# contains "stdafx.h"
int main(int argc,char* argv[])
{
int a[ 10]={ 1,3,5,7,9,8,6,4,2,0 }; //Initialize.
int b[ 10];
Printf ("sequential data: \ n");
for(int j = 0; j & lt 10; j++)
{
printf("%d ",a[j]);
printf(" ");
}
for(int I = 0; I< 10; i++)
{
b[ 10- 1-I]= a[I];
}
Printf ("\ nData after reverse order: \ n");
for(int n = 0; n & lt 10; n++)
{
printf("%d ",b[n]);
printf(" ");
}
Returns 0;
}
/*2, there is an integer array a[20]. First, enter a set of non-zero integers (less than 20) in the array, ending with the input value of 0. Write four functions to find 1, the number of positive numbers, 2, the average of positive numbers, 3, the number of negative numbers, 4 and the average of negative numbers of elements in the array, and finally enter four calculated values in the main function.
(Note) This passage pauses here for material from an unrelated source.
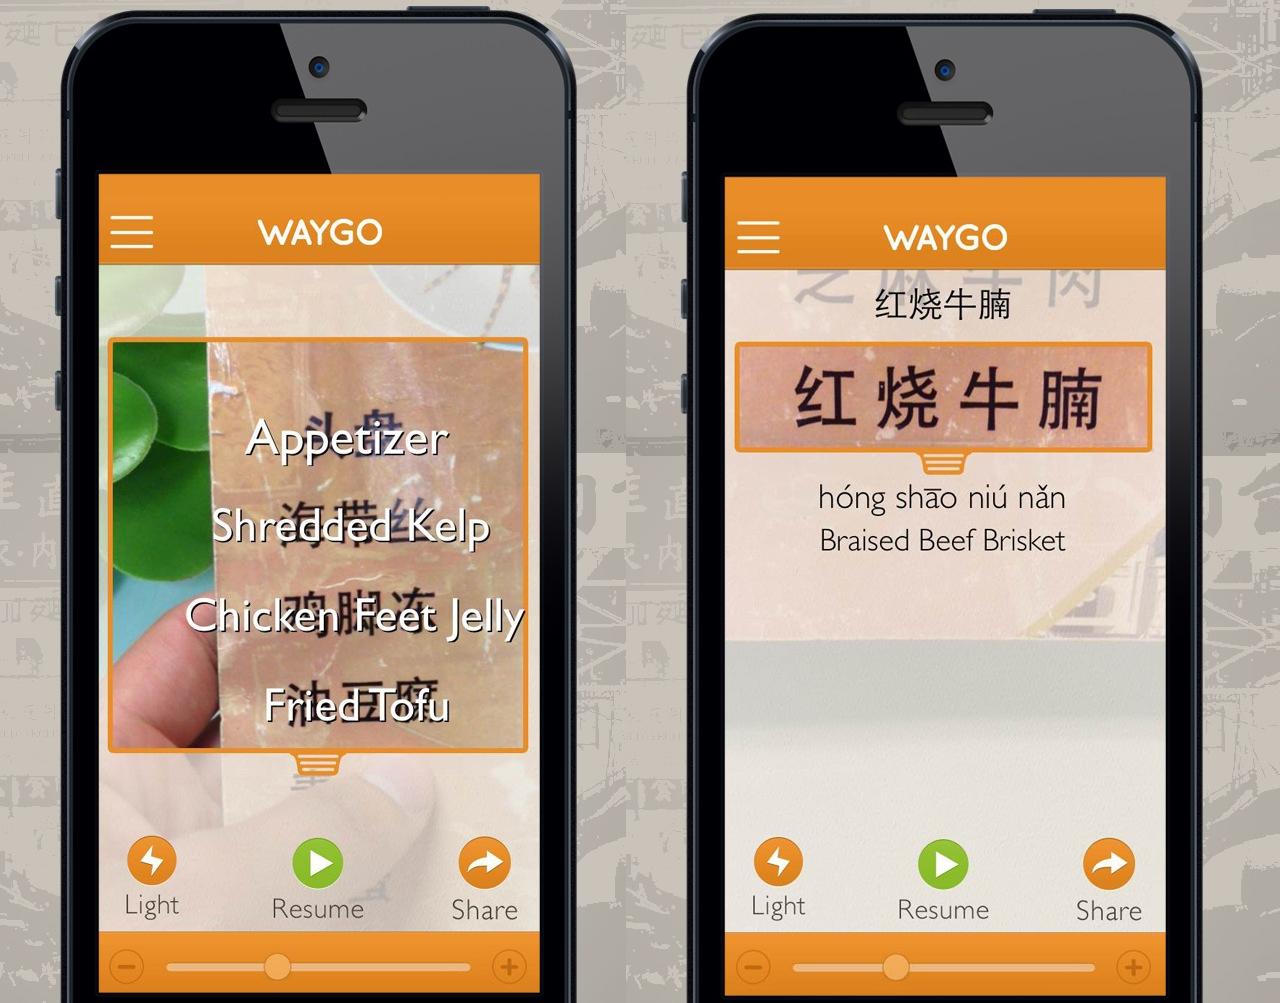 myWebRoom Top Apps Waygo

Tip: Defining an array as: int a[20] actually only uses the first few elements of the array.
*/
# contains "stdafx.h"
int fun 1(int *ar,int num)
{
int au = 0;
for(int I = 0; I & ltnumi++)
{
if(ar[I]& gt; 0)
{
au++;
}
}
Printf ("positive number: %d\n", au);
Return to au;
}
Integer Function 2 (Integer * Integer, Integer)
{
int au = 0;
for(int I = 0; I & ltnumi++)
{
if(ar[I]& gt; 0)
{
au+= ar[I];
}
}
au=au/fun 1(ar,num);
Printf ("positive average: %d\n", au);
Return to au;
}
int fun3(int *ar,int num)
{
int au = 0;
for(int I = 0; I & ltnumi++)
{
if(ar[I]& lt; 0)
{
au++;
}
}
Printf ("negative number: %d\n", au);
Return to au;
}
Int fun4(int *ar, int number)
{
int au = 0;
for(int I = 0; I & ltnumi++)
{
if(ar[I]& lt; 0)
{
au+= ar[I];
}
}
au=au/fun 1(ar,num);
Printf ("negative average: %d\n", au);
Return to au;
}
int main(int argc,char* argv[])
{
int a[20];
Integer, date;
Printf ("Please enter data: \ n");
for(num = 0; num & lt20; num++)
{
Scanf("%d ",& date);
if(date==0)
{
Break;
}
Date;
}
fun2(a,num);
fun4(a,num);
Returns 0;
}
/*3. Enter a 4-digit number at will, store it in variable I, decompose the number on each digit of the number into integer array a[], arrange the numbers in array a[] in ascending order by selection method, and input the contents of array a[]. It is required to complete the selection sorting in the function.
Such as: int i, a [4]; Input i=8362
After decomposition: A [0] = 2, A [1] = 6, A [2] = 3, A [3] = 8.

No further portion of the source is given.